Spring’s yellow carpet

By Ian Adams

Early May brings the East Kootenay’s most stunning and best-known floral display, arrowleaf balsamroot. Colloquially known as Okanagan sunflower in the Okanagan or Oregon sunflower in Oregon, it’s just plain sunflower here in the Kootenays. I guess we’re more modest and don’t claim it as our own.

Far from a regional specialty, balsamroot has a wide range across western North America. It occurs from Arizona north to B.C.’s Cariboo region and California east to Colorado and the Black Hills of South Dakota. As you move from south to north, balsamroot grows at lower elevations. In California and Arizona it’s known as a mountain plant. By the time you get to British Columbia, it occurs mostly in valley bottoms like the Rocky Mountain Trench here in the East Kootenay.

Certainly it does not like heat. A few days of unseasonable warmth here is enough to wilt the flowers and bring an early end to the stunning vistas they provide.

The picture above shows xaⱡ in bloom. Ian Adams photo

The sunflower moniker is apt as the plant does belong to the sunflower family. To Ktunaxa, it is xaⱡ (“hath” is an approximate pronunciation) and a very important plant with myriad uses. Roots, shoots, blossoms, seeds – all have value.

The plant grows 30 to 60 cm tall and produce a brilliant yellow flower that is more complicated than it looks. Known to botanists as ‘inflorescences,’ they are composed of several tiny florets. Each apparent petal on the bloom arises from a single floret comprised of one enormous petal and several tiny ones. There’s a lot going on in those big yellow blooms!

Balsamroot is perhaps the most photographed wildflower in B.C.’s interior. Many people have a favourite spot to take in spring’s yellow carpet. Eager Hill, Wycliffe Buttes, Kimberley Nature Park’s Sunflower Hill or almost any open forest site in the Rocky Mountain Trench that you can think of. The plant is associated with bunchgrass and fescue prairies as well as open ponderosa pine forests.

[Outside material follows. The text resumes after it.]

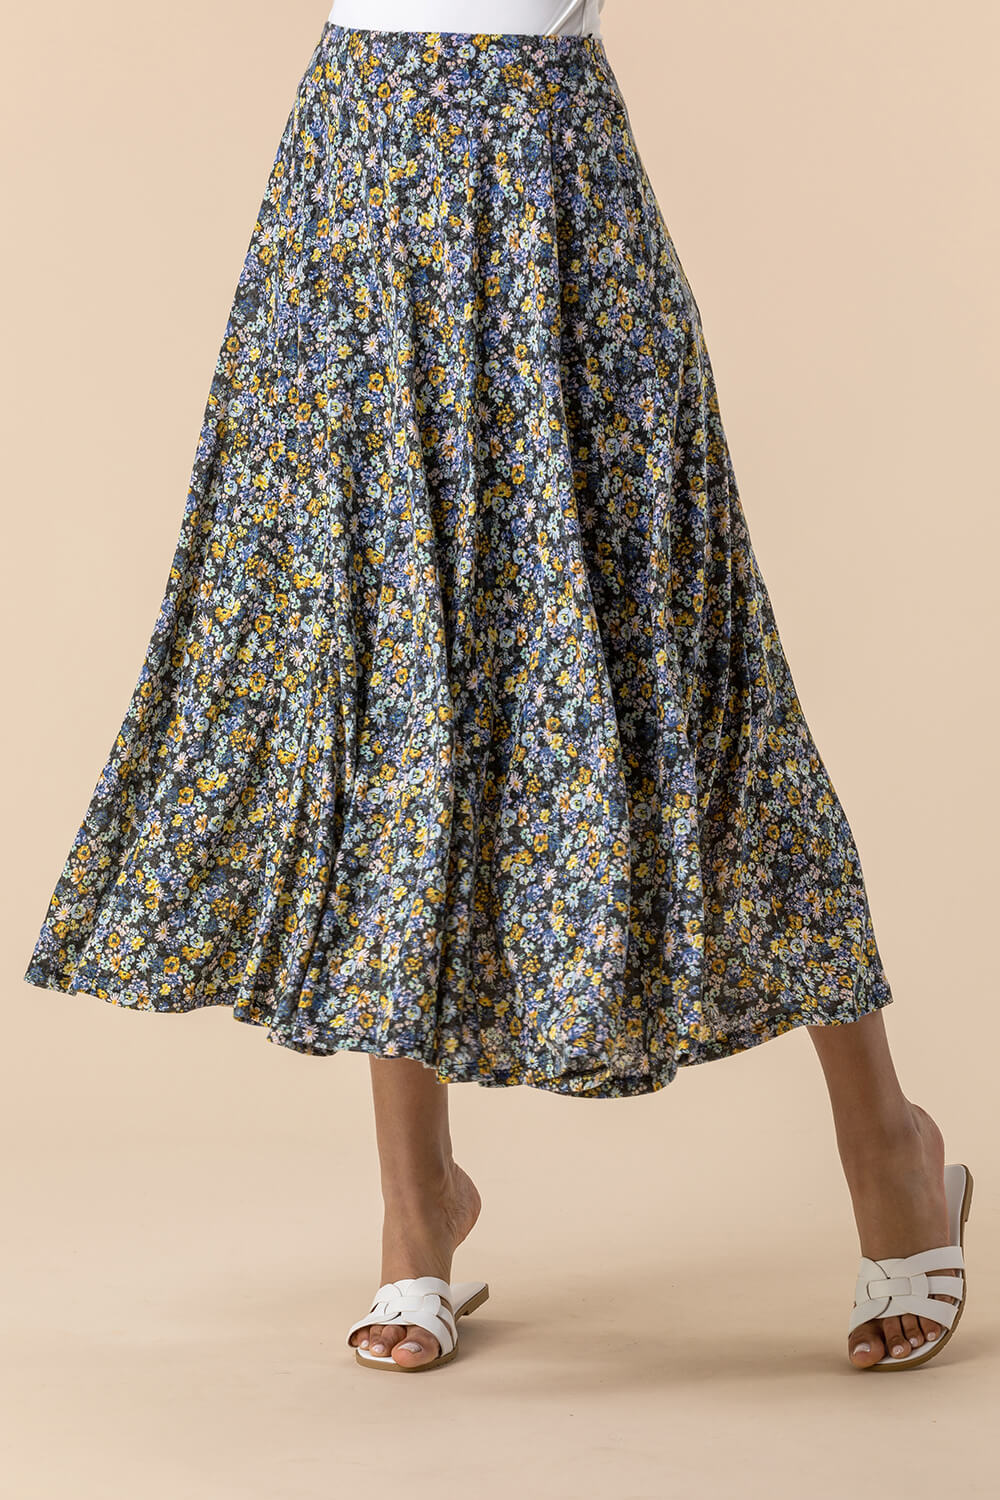 Ditsy Floral Burnout Midi Skirt in Multi - Roman Originals UK

Like many grassland and open forest plants, balsamroot is well adapted to the low-intensity, frequent fire regimes that defined most of western North America before Smoky the Bear and company ill-advisedly decided all fire needed to be immediately snuffed out. This picture shows xaⱡ in bloom a mere two weeks after a low-intensity prescribed fire was applied to the landscape. As you can see, many other plants are rapidly sprouting from the charred surface but otherwise undamaged soil. As long as the caudex (top of the taproot) is not damaged, balsamroot quickly regenerates.

The reason for this ability to regenerate so quickly is because the vast majority of balsamroot is under ground. A common adaptation of grassland plants is a large, thick taproot that reaches great depths to ensure moisture is not limiting and the food energy produced during the short spring growing season can be safely stored until needed to produce leaves and blooms next year. The root contains a resin that gives “balsamroot” its name.

The taproot can be up to 10 cm across and has been recorded as deep as 2.7 metres (almost nine feet). The root extends downward for about 15 cm, then sends laterals out more-or-less horizontally to distances up to one metre. These laterals then turn down and reach depths of 1.5 m or more. The plant is well-rooted!

Well rooted perhaps, but not in a hurry. Seeds may take two or three years to germinate and another three to five years to start fully producing flowers. The large, dramatic plants we enjoy are likely a decade or more old and the plant will survive for much longer. When you consider the biomass of the plant that is below ground and that must be built from leaves that are viable for less than two months a year, it’s not surprising that xaⱡ is such a slow-growing species.

Consider too that fire historically passed through most of the Trench every 10 to 15 years, on average. Each balsamroot plant could have survived more than one burn in its lifetime. More than just a pretty flower, arrowleaf balsamroot is a worthy ambassador of our grasslands and open forests.

Ian Adams is a wildlife ecologist living near Cranbrook. He finds it impossible to pass balsamroot without taking a picture. He continues his quest for the perfect xaⱡ image.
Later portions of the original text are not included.